All experimental fish were obtained from the Fangcun Aquaculture Base of the Pearl River Fisheries Research Institute, Chinese Academy of Fishery Sciences. The fry were initially reared in net cages and subsequently transferred to the institute’s aquaculture base for grow-out. During the first two weeks after hatching, the fry were fed newly hatched fairy shrimp. Thereafter, a formulated compound diet was provided daily from 9:00 a.m. to 6:00 p.m. to apparent satiation. The feed ingredients and proximate composition are shown in Table 1.
A total of 120 C. c. rubrofuscus were randomly sampled at 5 months of age. All fish were examined by X-ray imaging, and BMD was measured using an in vivo X-ray imaging system (KUBTEC Scientific, Stratford, CT, USA). Individuals with normal rib morphology and a mean vertebral BMD > 0.02 g/cm2, calculated from the average values of the 1st, 5th, and 10th vertebrae from the caudal end, were classified into the hard-bone group. Individuals with markedly curved ribs and a mean vertebral BMD < 0.02 g/cm2 were classified into the softened-bone group. Based on these criteria, 17 fish (14%) were assigned to the softened-bone group, and the remaining 103 fish (86%) were assigned to the hard-bone group.

2.2. Experimental Methods

2.2.1. Morphological Trait Analysis

Twelve fish were randomly selected from each of the hard-bone and softened-bone groups for subsequent experiments. For each fish, nine growth-related morphological traits were measured: total length (TL), standard length (SL), body depth (BD), body width (BW), head length (HL), head height (HH), caudal peduncle depth (CPD), caudal peduncle length (CPL), and caudal fin length (CFL). To minimize the effect of body size, the following ratios were calculated: TL/SL, BW/SL, BD/SL, HL/SL, HH/BD, CPL/SL, CPD/CPL, and CFL/SL.

2.2.2. Bone Densitometry

An in vivo X-ray imaging system was used to acquire radiographs and measure BMD in experimental fish. The system is based on differential attenuation of high- and low-energy X-ray beams as they pass through bone tissue. Twelve experimental fish were randomly selected from each group (n = 12). BMD was measured at the 1st, 5th, and 10th vertebrae in both the hard-bone and softened-bone groups.

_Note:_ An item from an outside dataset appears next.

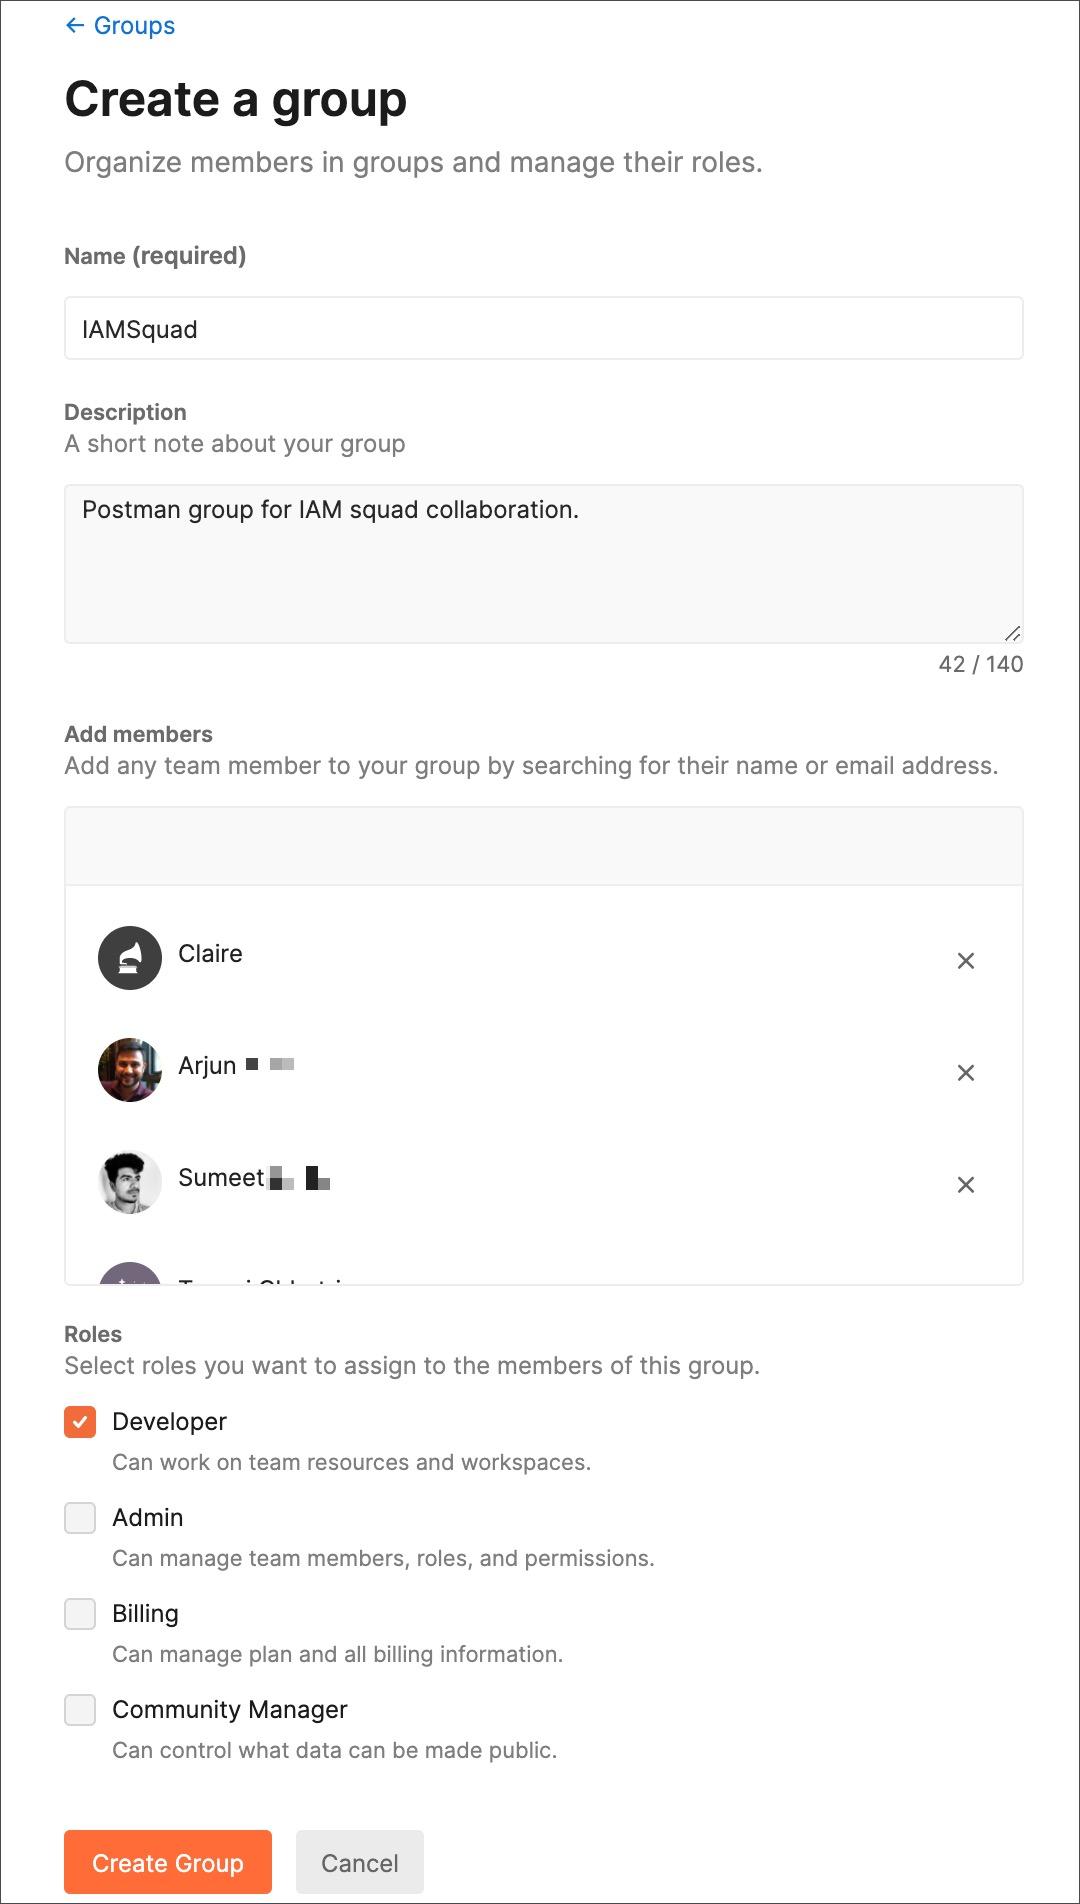 Create group form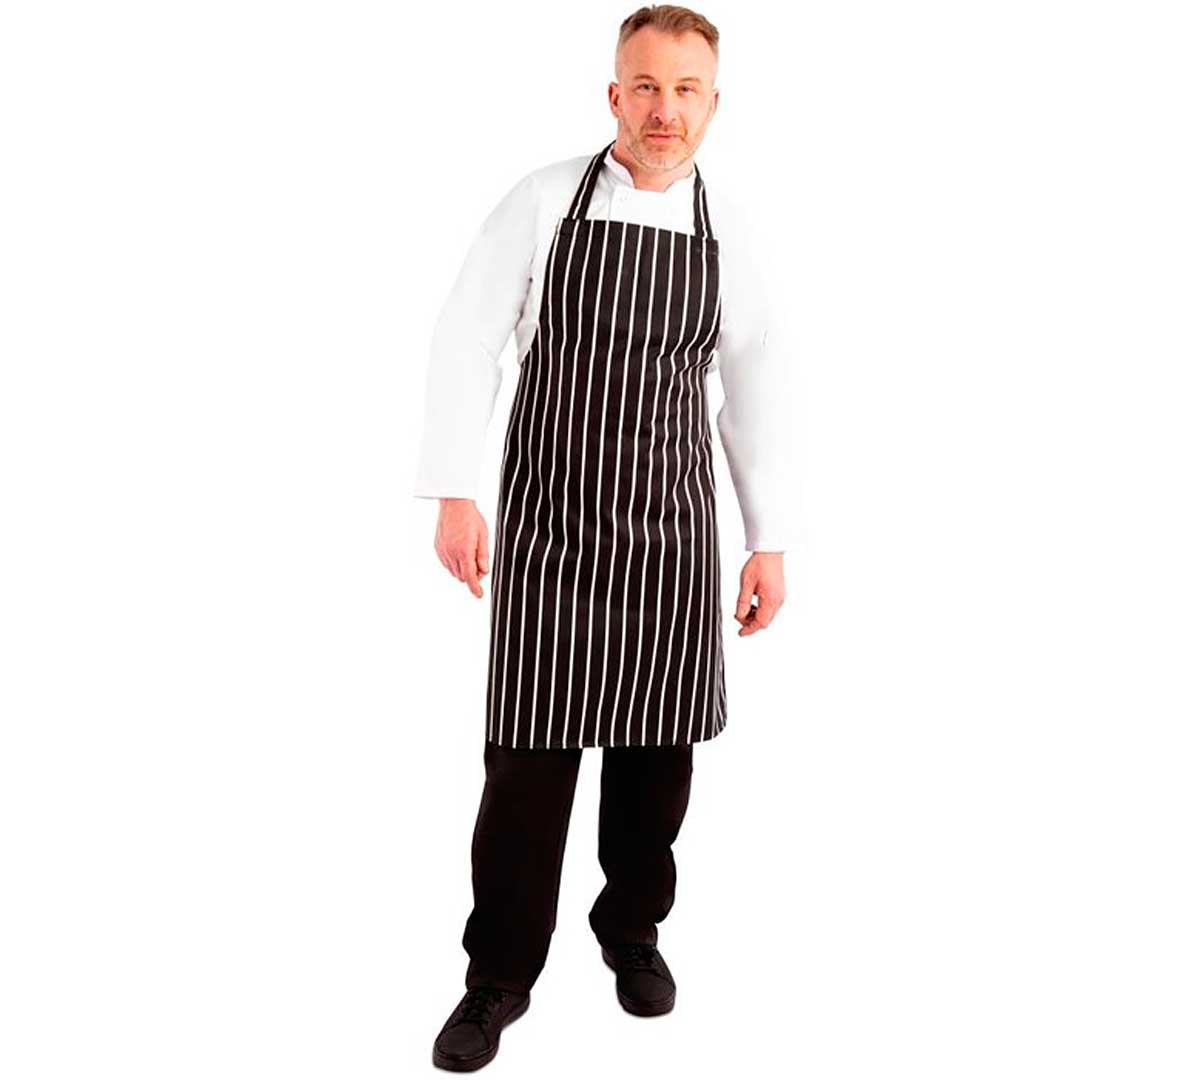 b5531685760b Whites Chefs Peto Rayas Negro/Blanco

2.2.3. Measurement of Calcium and Phosphorus Levels in Blood and Bones

Twelve fish were randomly selected from each group, and blood samples were collected from the caudal artery (n = 12). After standing, the samples were centrifuged at 2000× g for 15 min at 4 °C using a refrigerated centrifuge. The serum was then separated and stored at −20 °C for subsequent calcium and phosphorus assays. Opercular bone samples were placed in cryogenic tubes and stored at −80 °C. After grinding in liquid nitrogen, the bone homogenates were used for calcium and phosphorus determination. The following commercial kits were used: Blood Calcium Concentration Detection Kit (Solarbio, Beijing, China), Blood Phosphorus Concentration Detection Kit (Solarbio, Beijing, China), Tissue Total Phosphorus Level Detection Kit (Solarbio, Beijing, China), and Calcium Detection Kit (Solarbio, Beijing, China). All assays were performed strictly in accordance with the manufacturers’ instructions.

2.2.4. Bone Staining

Alizarin Red S staining was performed to visualize skeletal structures. Two fish were randomly selected from each group and fixed overnight in 4% paraformaldehyde. After fixation, the samples were briefly immersed in 1% potassium hydroxide (KOH), and the scales and skin were carefully removed. The specimens were then stained in Alizarin Red S solution (saturated Alizarin Red S in ethanol: 0.5% KOH = 1:9, v/v) for 48 h. After staining, the solution was discarded, and excess dye was rinsed off with distilled water. The samples were subsequently bleached in a freshly prepared solution of 3% hydrogen peroxide and 2% KOH (1:1, v/v) at room temperature for 20 min. Following bleaching, the specimens were cleared through a graded glycerol series prepared with 0.5% KOH (20%, 40%, 60%, and 80% glycerol) until the body became transparent. The cleared specimens were finally transferred to 100% glycerol for long-term preservation and then photographed for morphological observation.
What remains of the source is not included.